A lot of people close to the US president wanted to prevent it at any cost but Donald Trump congratulated President Putin anyway and had a phone conversation with him. The US president said that the two would meet “in the not too distant future.” Preventing an arms race is one issue on the agenda. Donald Trump knew the move would bring forth a tempest but he did it anyway. The president considered the relationship with Moscow to be important enough to defy his numerous opponents. Serbia has already offered to host a summit.
Right after the two presidents’ conversation, the Russian and American chiefs of staff discussed Syria. What’s even more important is that they have agreed to more military-to-military contacts in the future. Why has it suddenly become so important for Washington to launch a dialog on defense issues? The answer was provided by General John E. Hyten, the Commander of US Strategic Command, who admitted in the Senate that the US is defenseless in the face of the threat from hypersonic weapons. This realization came right after Russian President Vladimir Putin revealed his recent information about the new systems capable of hypervelocity flight that are currently being tested and are soon to be operational.
The US is a great military power but it’s not strong enough to force everyone to dance to its tune. Its defense programs suffer from serious shortcomings. The current arms-control system is in crisis. New challenges keep cropping up. They should be incorporated into the international security agenda but that’s not happening.
The looming hypersonic race is a burning issue that still needs to be addressed. It’s a domain in which the US is lagging behind Russia. When the Russian president announced those breakthroughs in military technology, his revelations were met with some skepticism in the West. But the ensuing events proved him right. Vladimir Putin pulled it off, making hotheads come to their senses and realize the need for talks to address the security challenges. Washington needs this dialog more than Moscow does.
So, the Americans’ coveted leadership in military technology has turned out to be a pipe dream. But their furtive steps to bring NATO right to Russia’s doorstep are not. The most interesting things often fall off the radar.
Moldova is to planning to phase out its draft in order to have a professional military. This month, Moldova, Georgia, and Ukraine formed an anti-Russia alliance. Moving to an all-volunteer force is in keeping with the political goals of this group and is seen as an important step on the path to NATO membership. That reform is scheduled to begin this fall. This is a very costly endeavor, especially when one is talking about the poorest country in Europe. Chisinau cannot afford it. It will be fully dependent on assistance from Romania and other NATO states.
Moldova’s process of embracing the bloc has accelerated recently. A joint Romanian-Moldovan task force equipped and trained in accordance with NATO standards is on its way. That step was agreed on in February. According to the military cooperation agreement signed by Chisinau and Bucharest in 2012 and ratified by the Moldovan parliament in 2013, Romanian troops and police forces enjoy freedom of movement on Moldovan territory. In other words, a NATO member has a free hand in Moldova, although the region of Transnistria, where Russian peacekeepers are stationed, is part of that country. This is a real hornet’s nest and the problem remains unaddressed.
The fact that Poland has shifted its best military forces, including its most modern tanks, eastward has not gone unnoticed in Russia. The country will receive 70 AGM-158B JASSM-ER long-range air-to-surface missiles from the US by 2020 or a bit earlier. With an operational range of roughly 1,000 km, this stealth weapon boasting a penetrating warhead can hit infrastructure deep inside Russia. One does not have to be a military expert to realize that the JASSM-ER’s prime mission is to knock out Russian Iskander short-range missiles deployed in the Kaliningrad region in a first strike.

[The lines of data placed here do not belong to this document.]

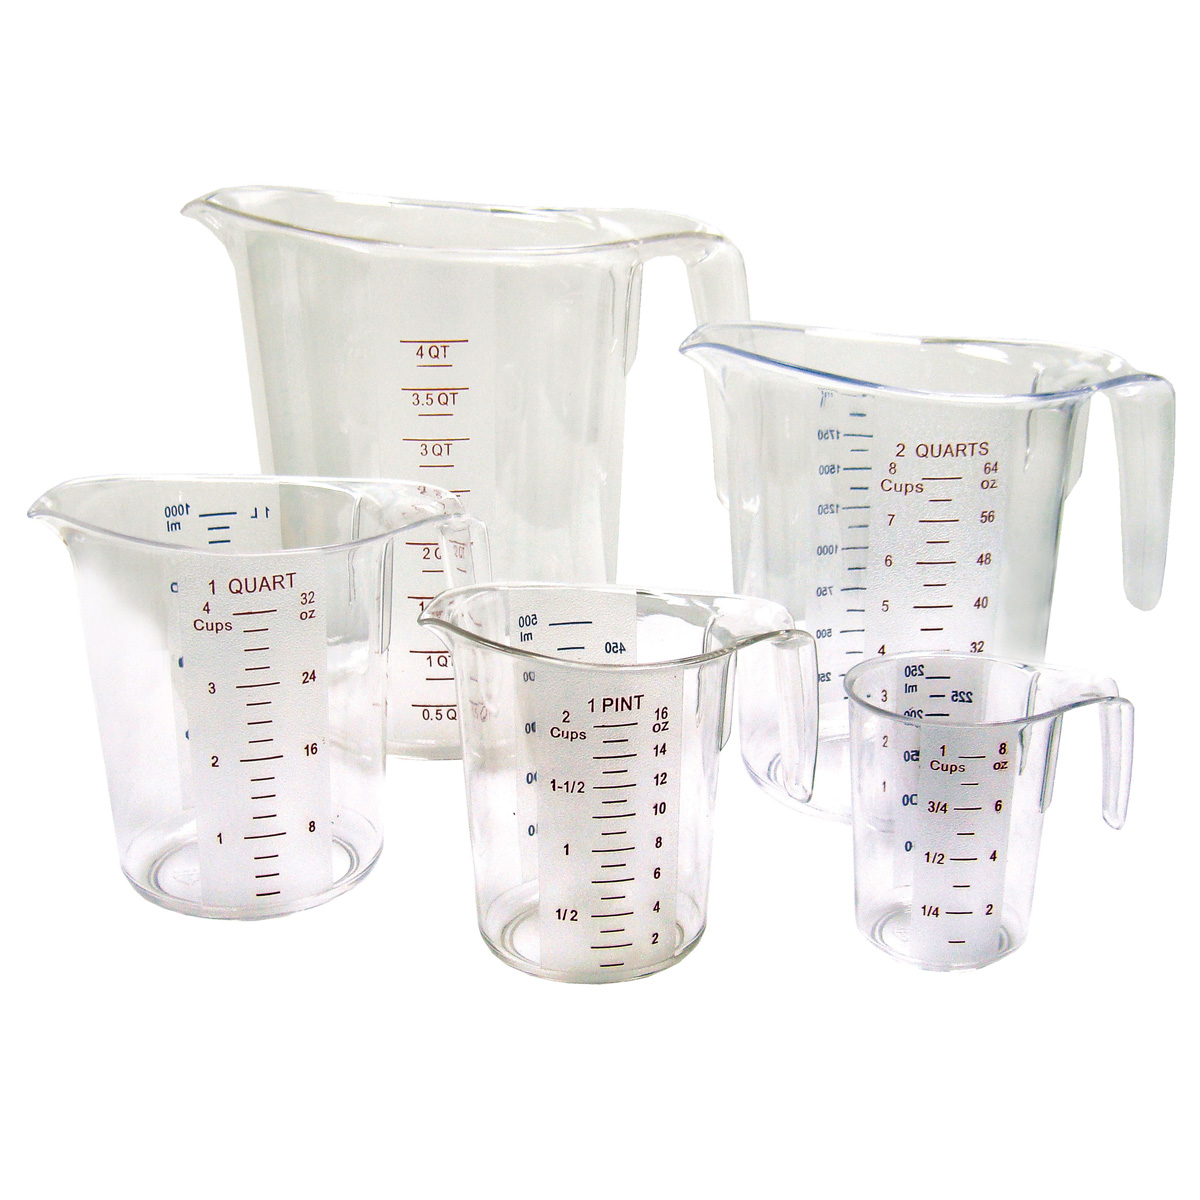 Winware by Winco PMCP-400 Polycarbonate Measuring Cup - 4 Qt. image 1
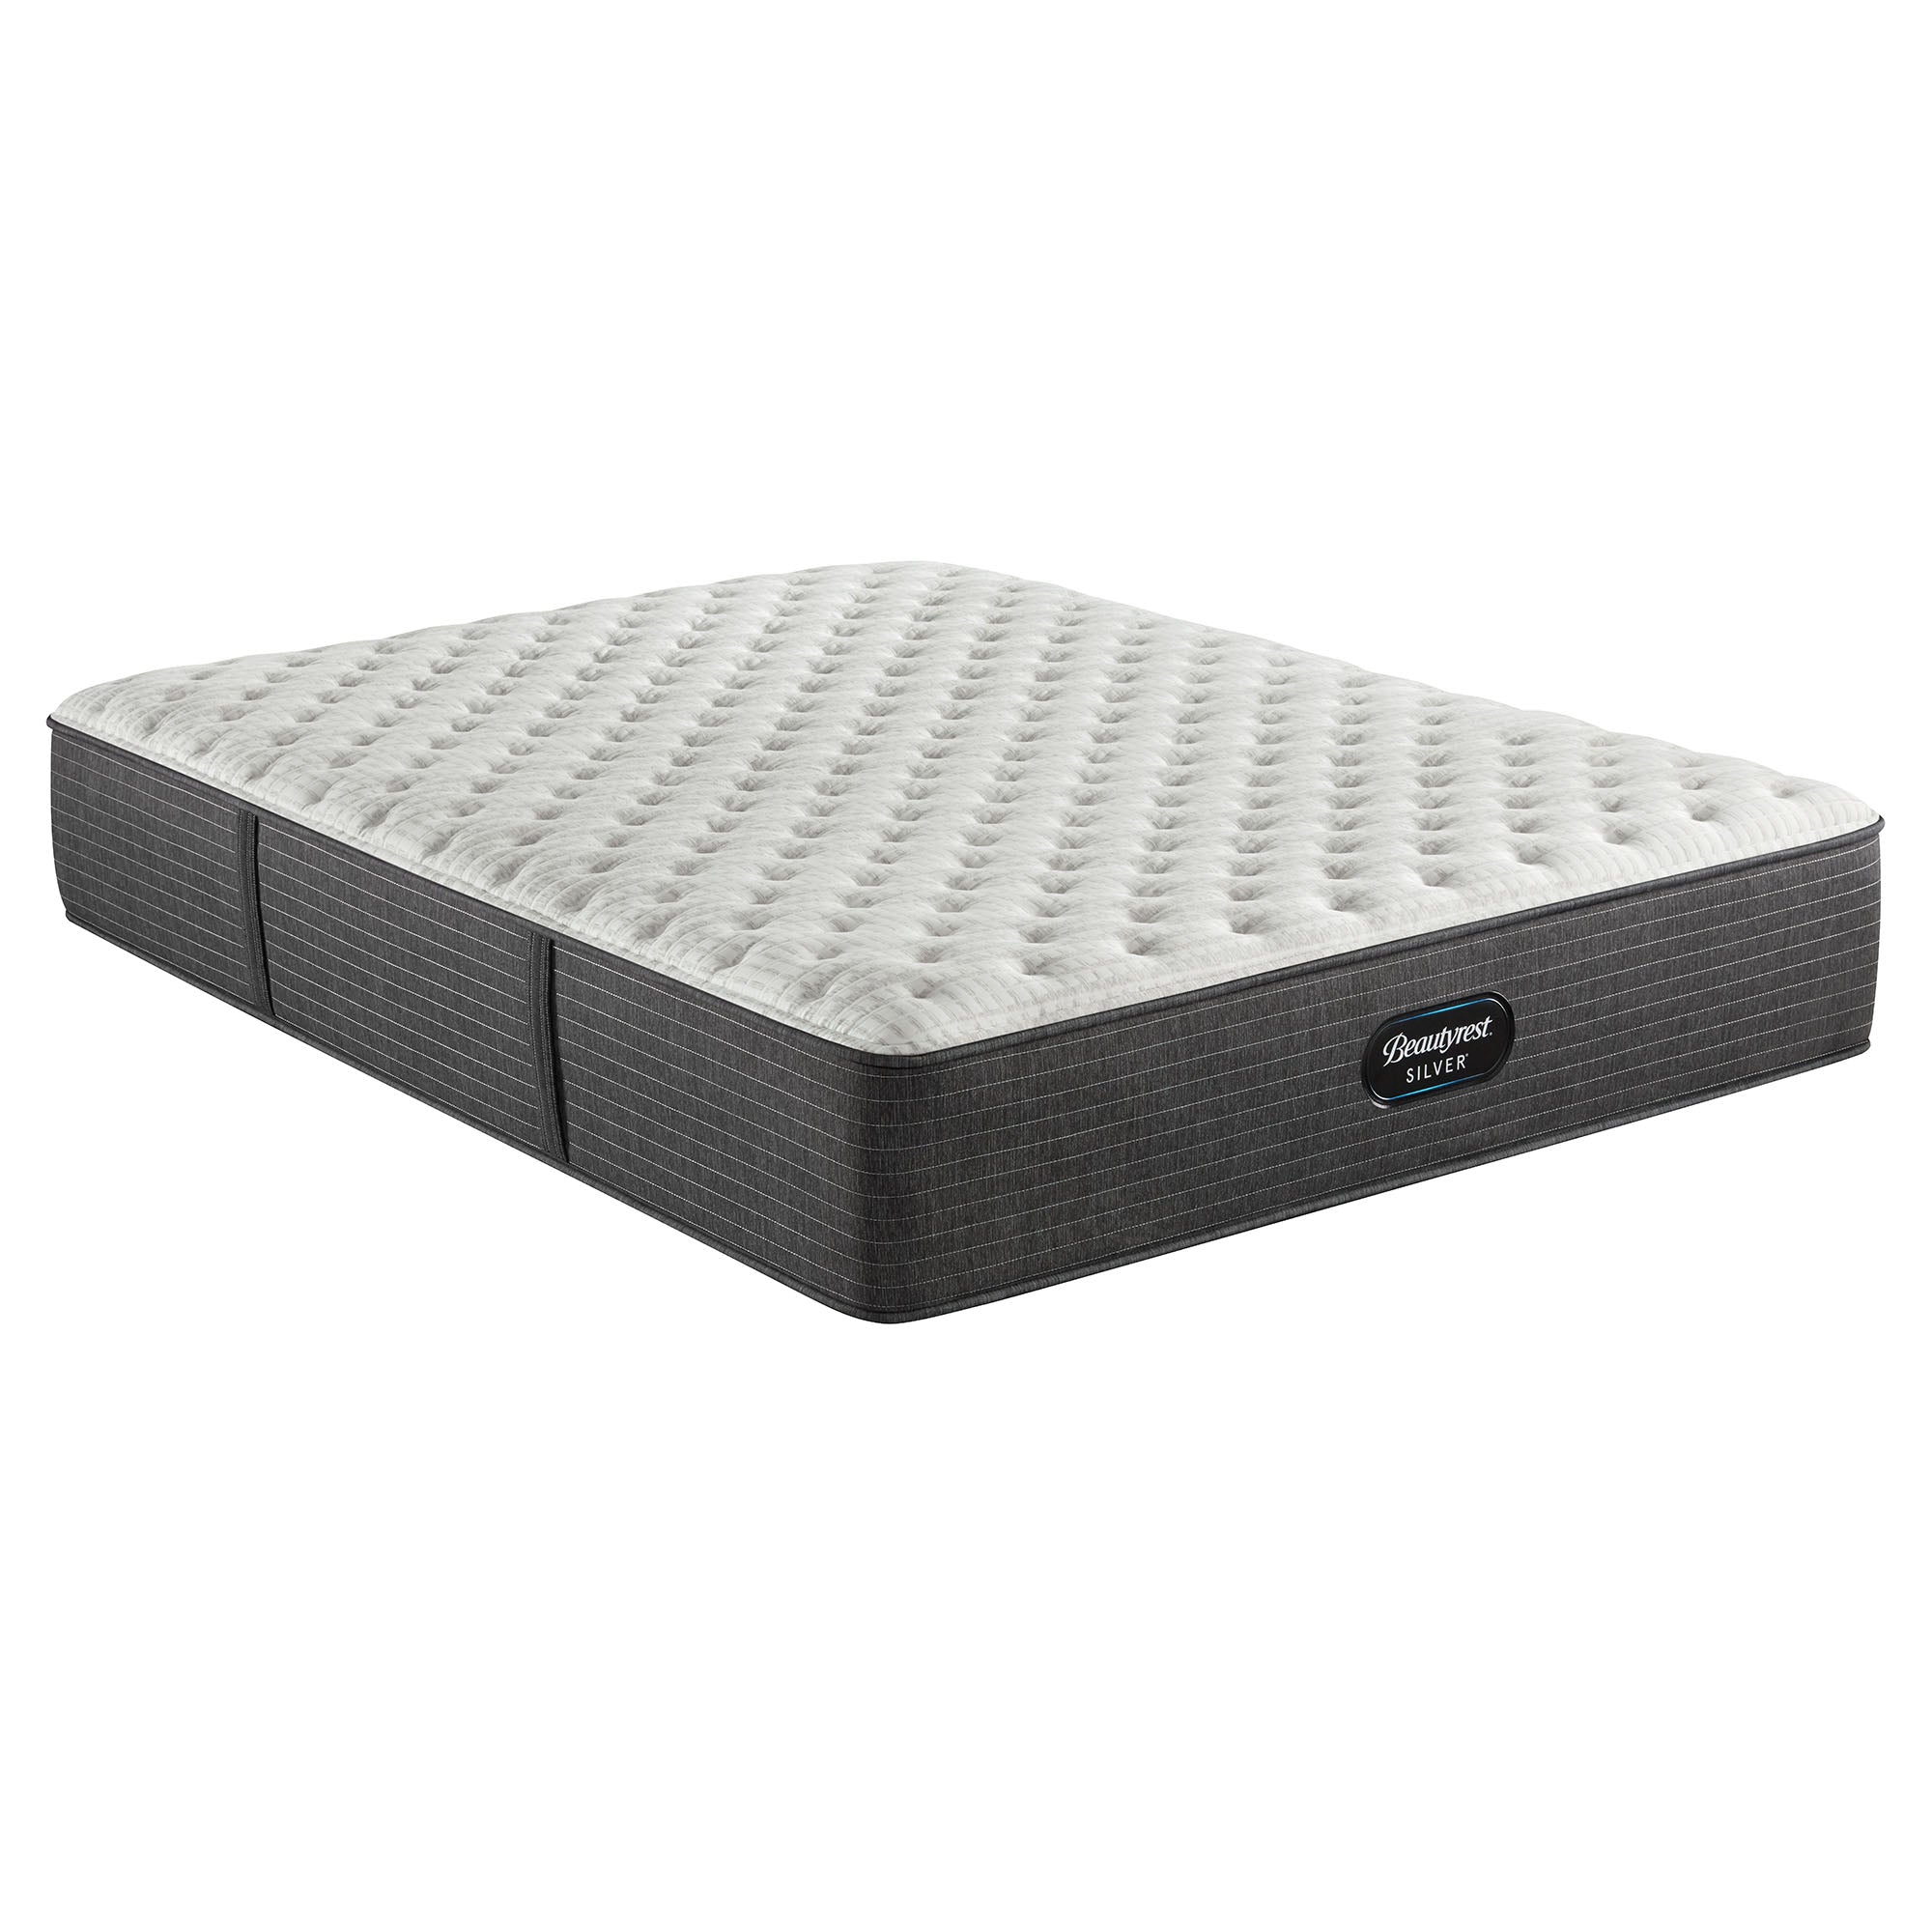 The Beautyrest Silver BRS900-C Extra Firm mattress alone on a white background
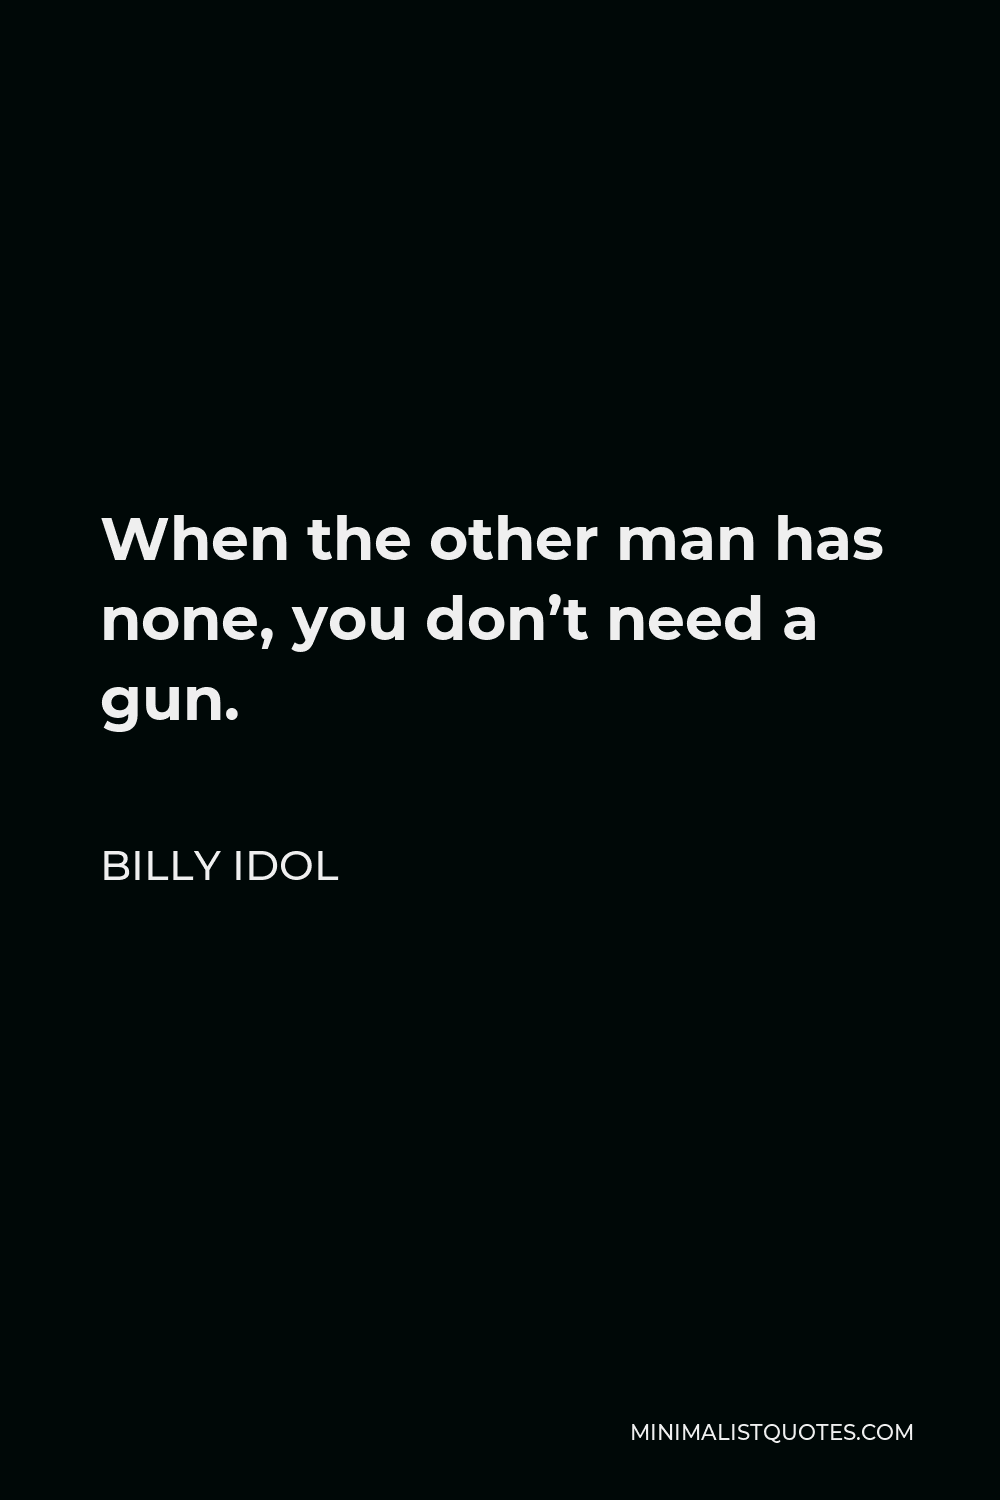 Billy Idol Quote - When the other man has none, you don’t need a gun.
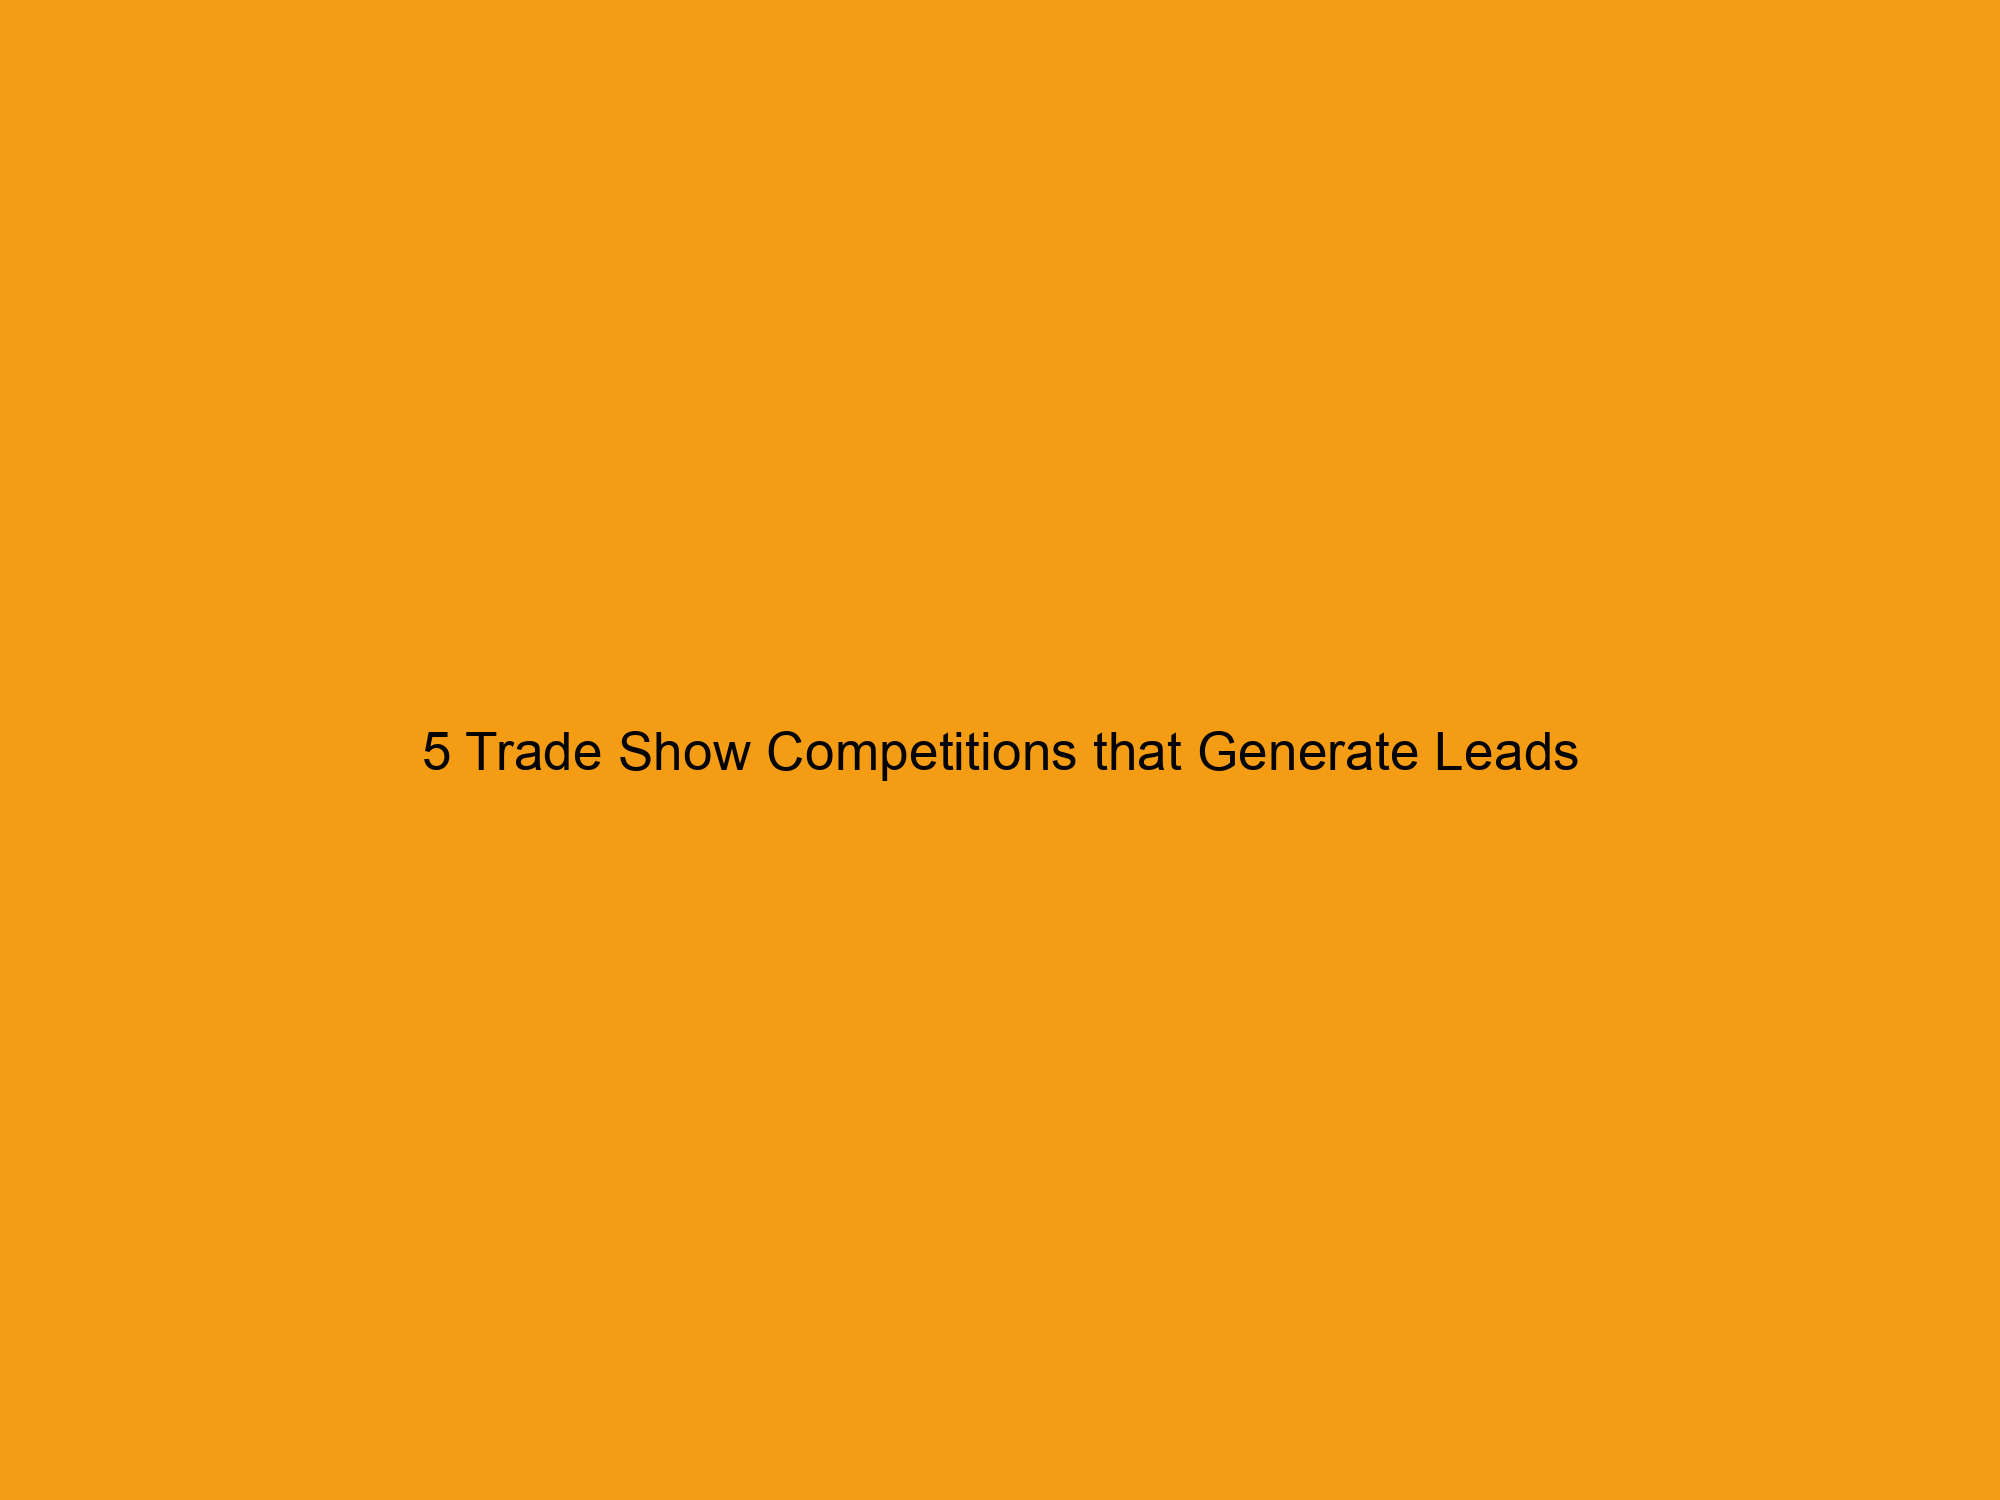 5 Trade Show Competitions that Generate Leads

The small Polish town of Powidz is to become a NATO hub for the Baltics and Northern Europe. Construction is underway to build a storage facility for a brigade’s worth of military hardware and personnel. The US Aegis Ashore BMD system will be operational in Poland this year. This is a highly destabilizing weapon that will become a target for a first strike by the Russian military.
Nor has Russia forgotten about the 300 US Marines stationed in Norway, or the construction of a sophisticated new radar system known as Globus 3 in the Norwegian Arctic archipelago of Svalbard. This is a violation of international law, as Svalbard was supposed to be demilitarized under a 1925 treaty. The facility there is an element of NATO’s ballistic missile defense (BMD) system. The joint US-Norwegian radar station is viewed by Moscow as a clear provocation. Norway is to be provided with over 50 US F-35 stealth fighters in 2019, enabling it to strike Russian territory. The F-35 is a nuclear-capable plane.
All these moves are being closely watched by the Russian military. Even if new weapons are incorporated into the bilateral arms-control agenda, the efforts to create the potential for a first strike near Russia’s borders are certainly not something Moscow can turn a blind eye toward. This does not create the right environment for a security dialog between Moscow and Washington. Everything is connected.
What Russia and the US really need is not just talks about curbing super weapons, but also negotiations addressing a much broader security agenda.
Alex Gorka is a defense and diplomatic analyst.